Action item: An exact copy is required of every line from the one with "Yoga practitioners, Yoga" through the end of the data below, and the pictures must stay out of it.

Information shown:
=====

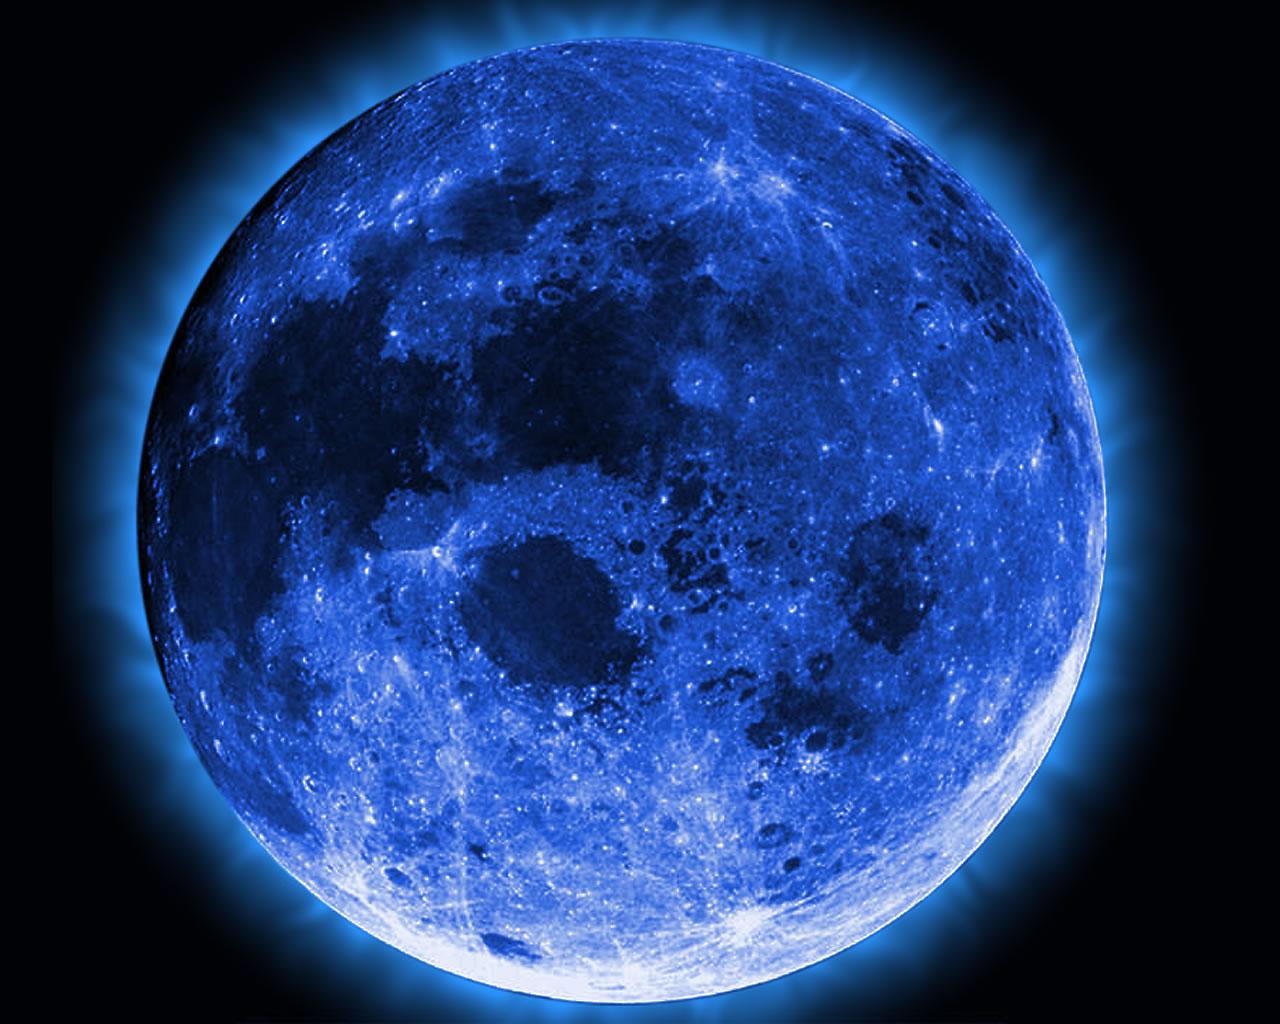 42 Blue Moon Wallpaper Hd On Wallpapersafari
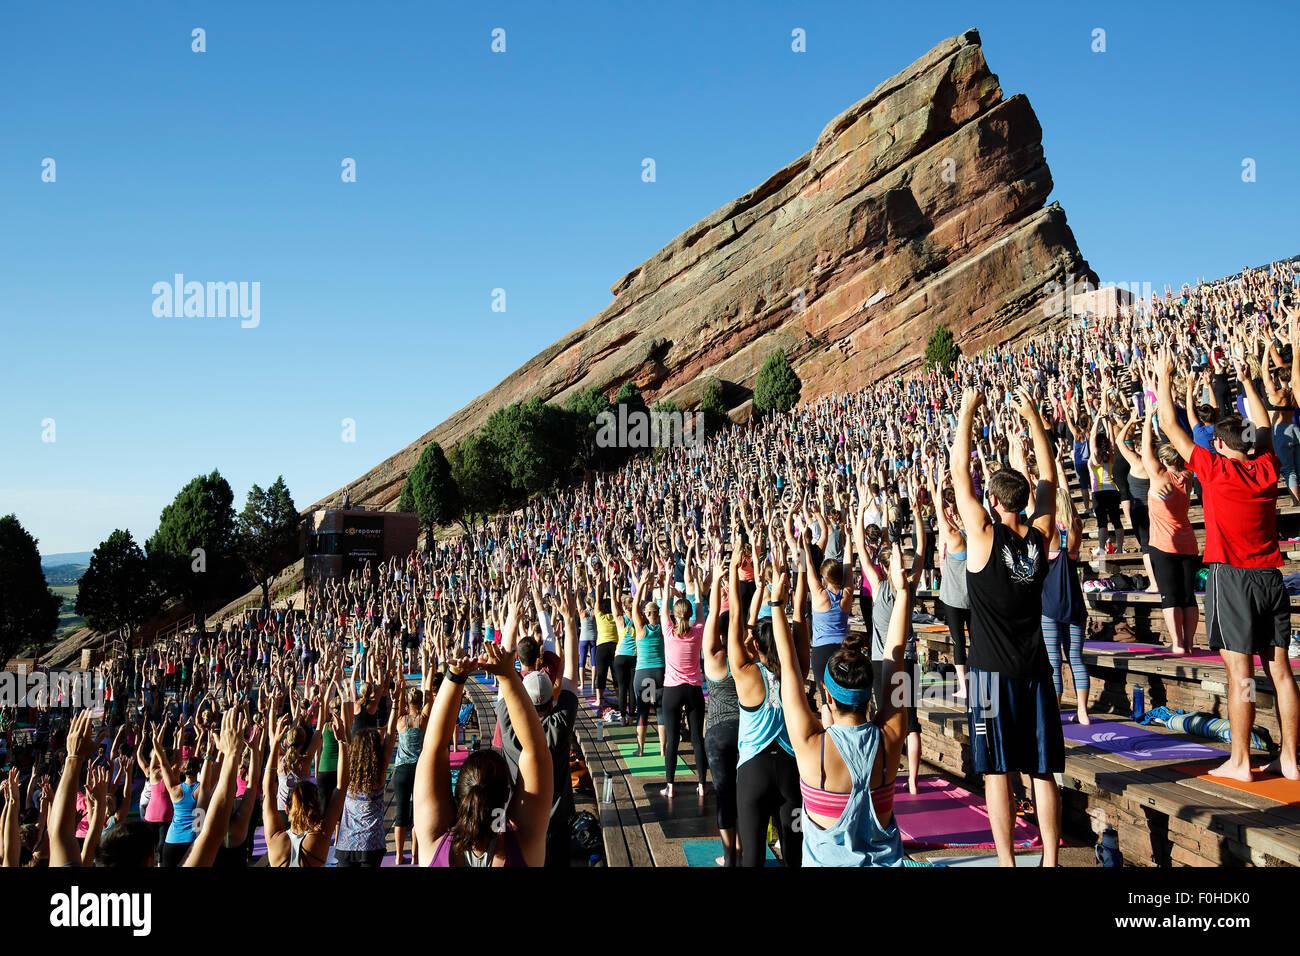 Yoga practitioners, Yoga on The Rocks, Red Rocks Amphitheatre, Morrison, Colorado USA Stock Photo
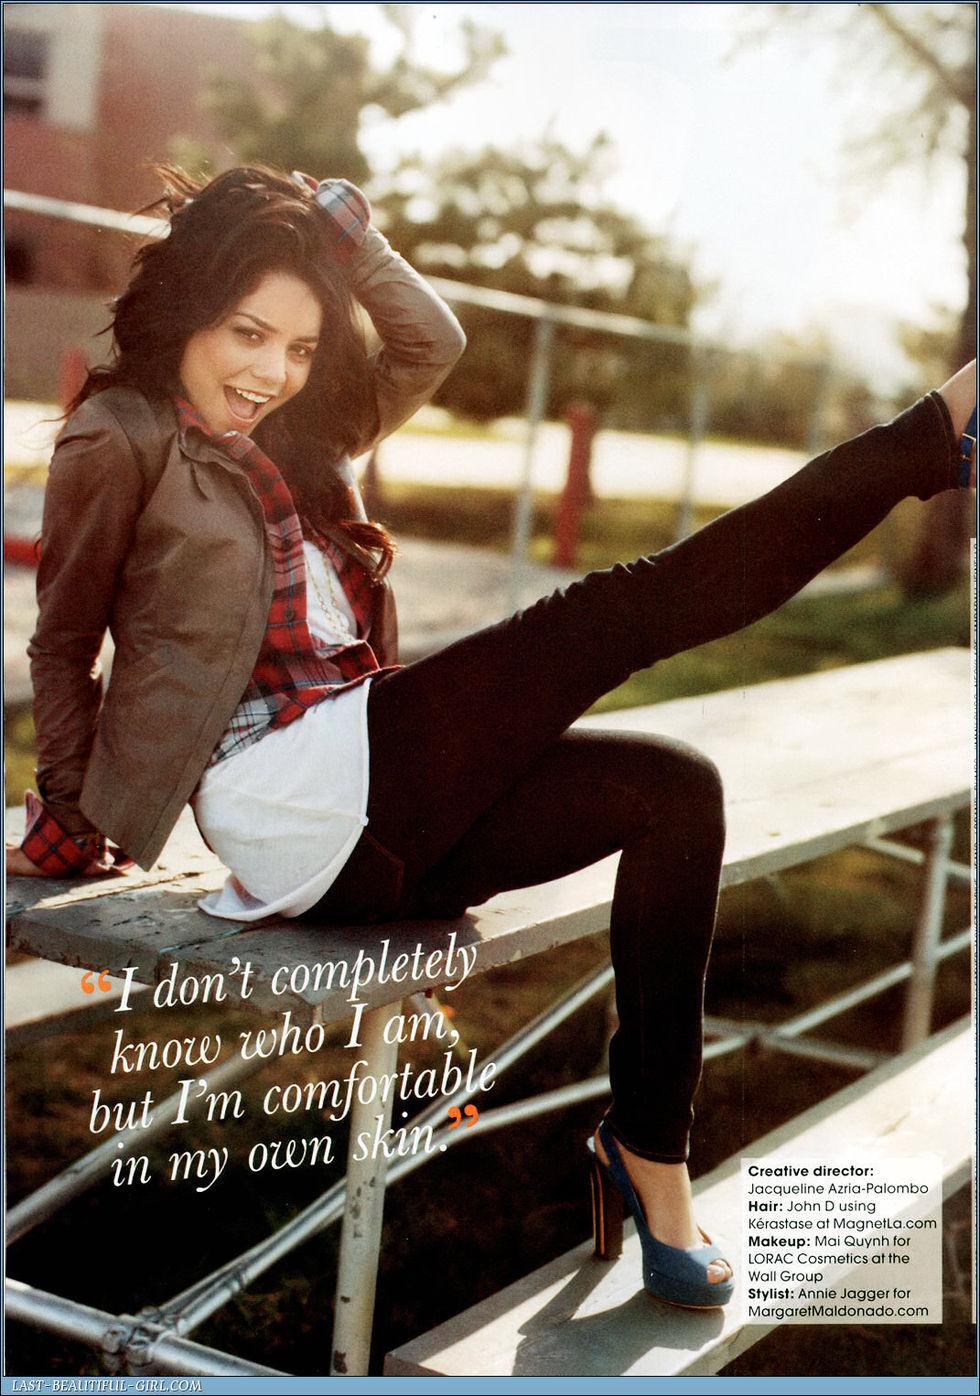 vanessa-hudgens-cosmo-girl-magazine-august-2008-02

=====

Worked solution:
 Yoga practitioners, Yoga on The Rocks, Red Rocks Amphitheatre, Morrison, Colorado USA Stock Photo
 vanessa-hudgens-cosmo-girl-magazine-august-2008-02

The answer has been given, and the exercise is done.